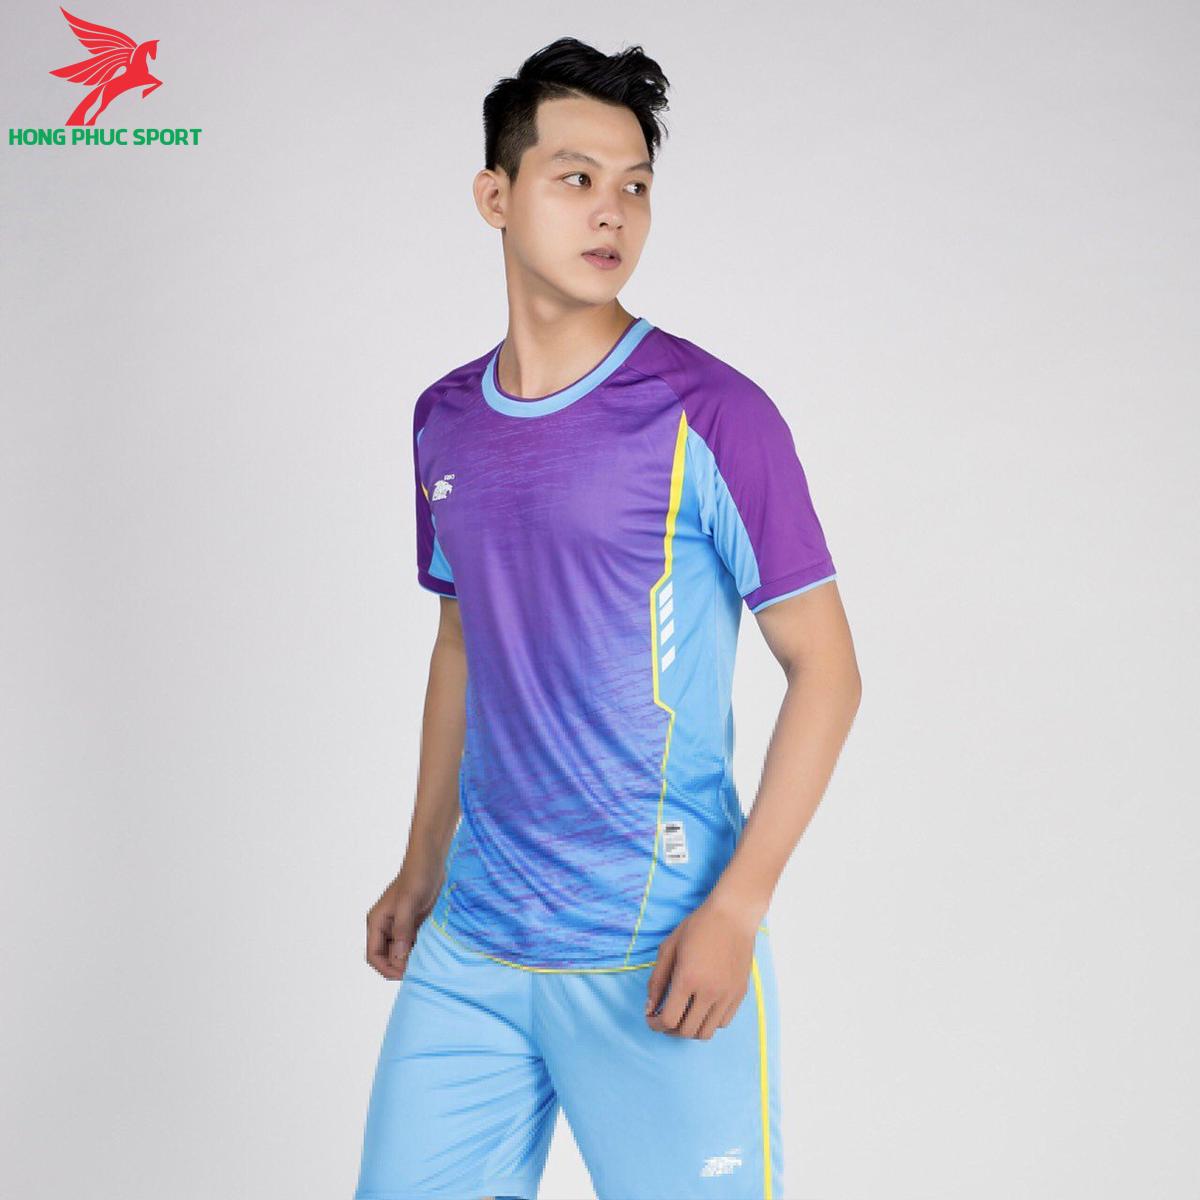 https://cdn.hongphucsport.com/unsafe/s4.shopbay.vn/files/285/ao-khong-logo-riki-grambor-xanh-da-troi-603e19509955d.png
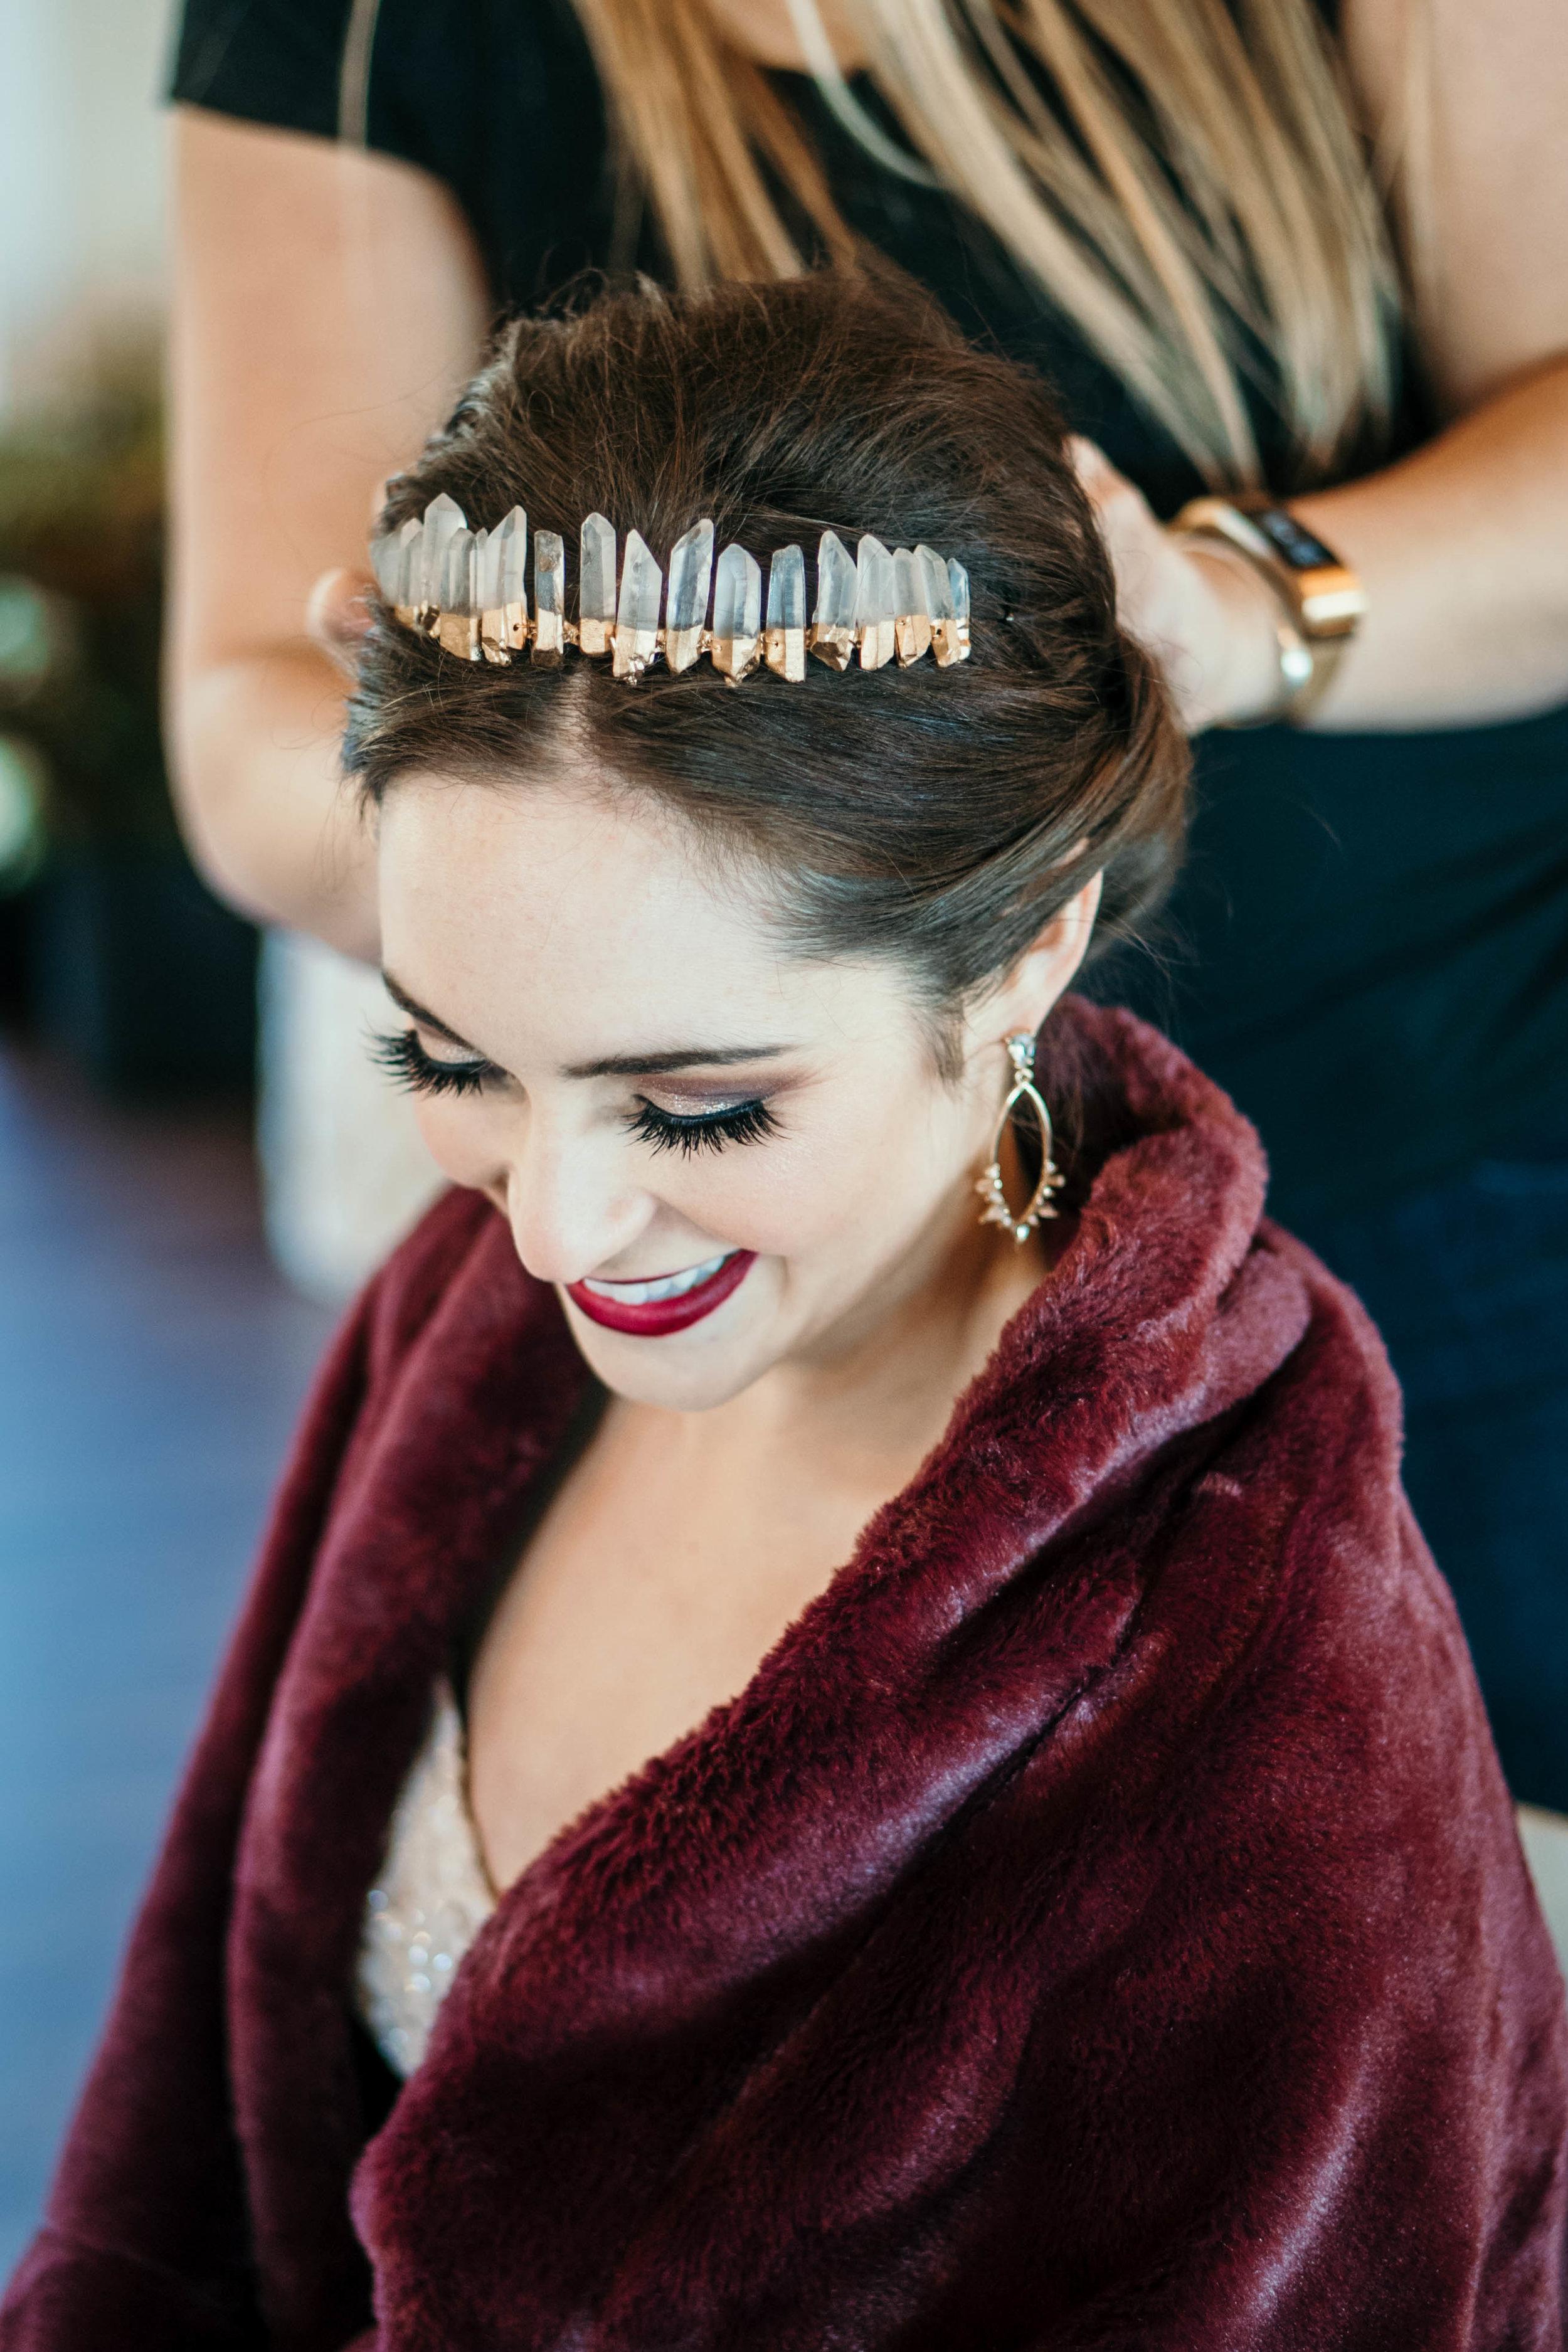 Austin Wedding Videographer - Dolls for Dolls (252 of 323).jpg
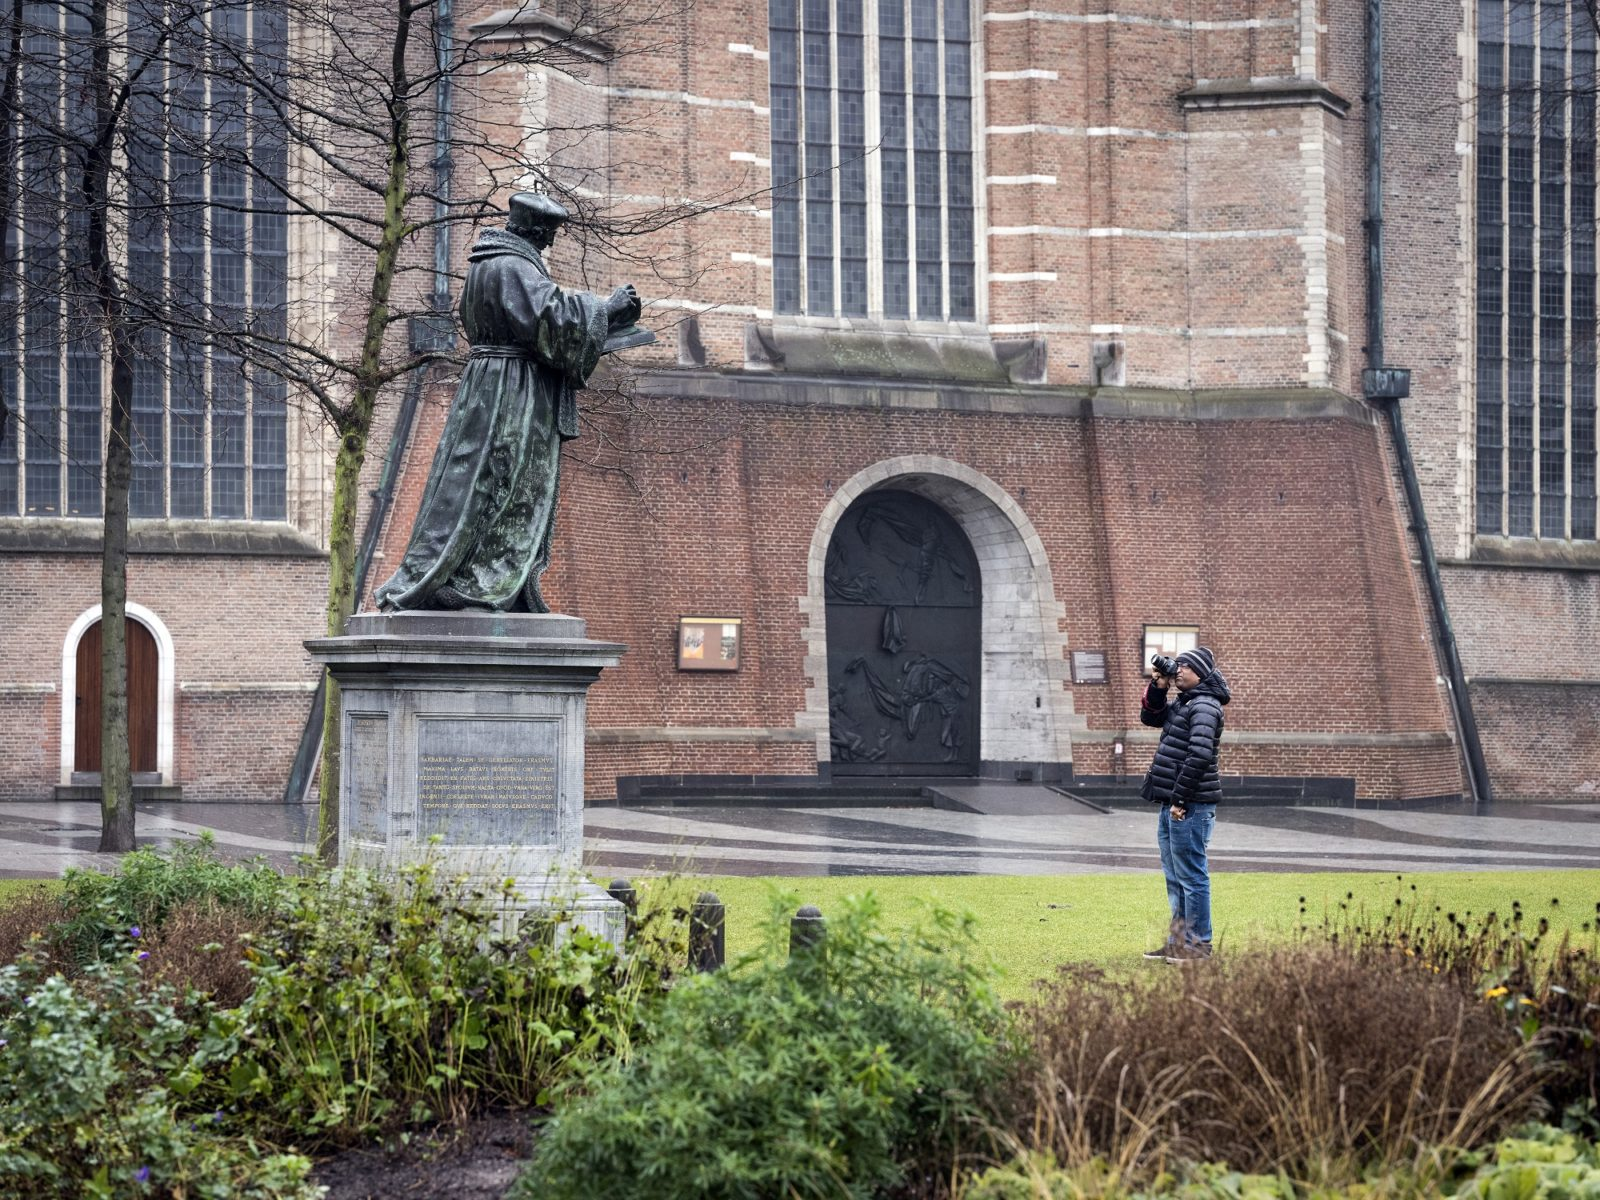 Erasmusbeeld-Rotterdam-1117-0092
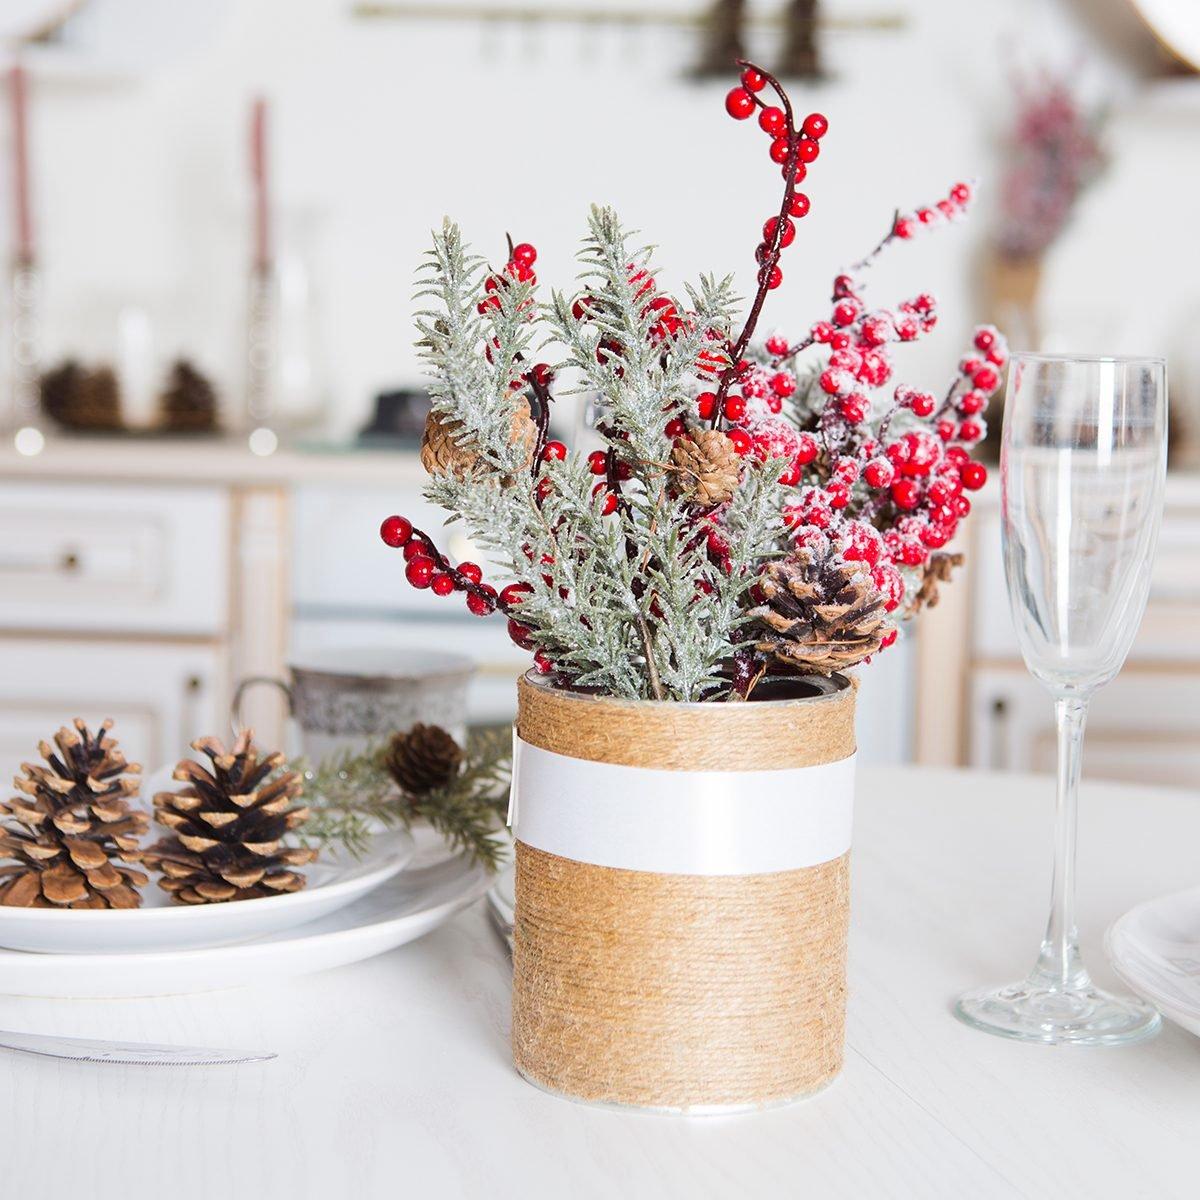 christmas decor kitchen table.

### Aim of the exercise
A faithful copy of all the data above is required, printed exactly and with no pictures.

### Expected answer
 https://cdn.hongphucsport.com/unsafe/s4.shopbay.vn/files/285/ao-khong-logo-riki-grambor-xanh-da-troi-603e19509955d.png
 Austin Wedding Videographer - Dolls for Dolls (252 of 323).jpg
 Erasmusbeeld-Rotterdam-1117-0092
 christmas decor kitchen table.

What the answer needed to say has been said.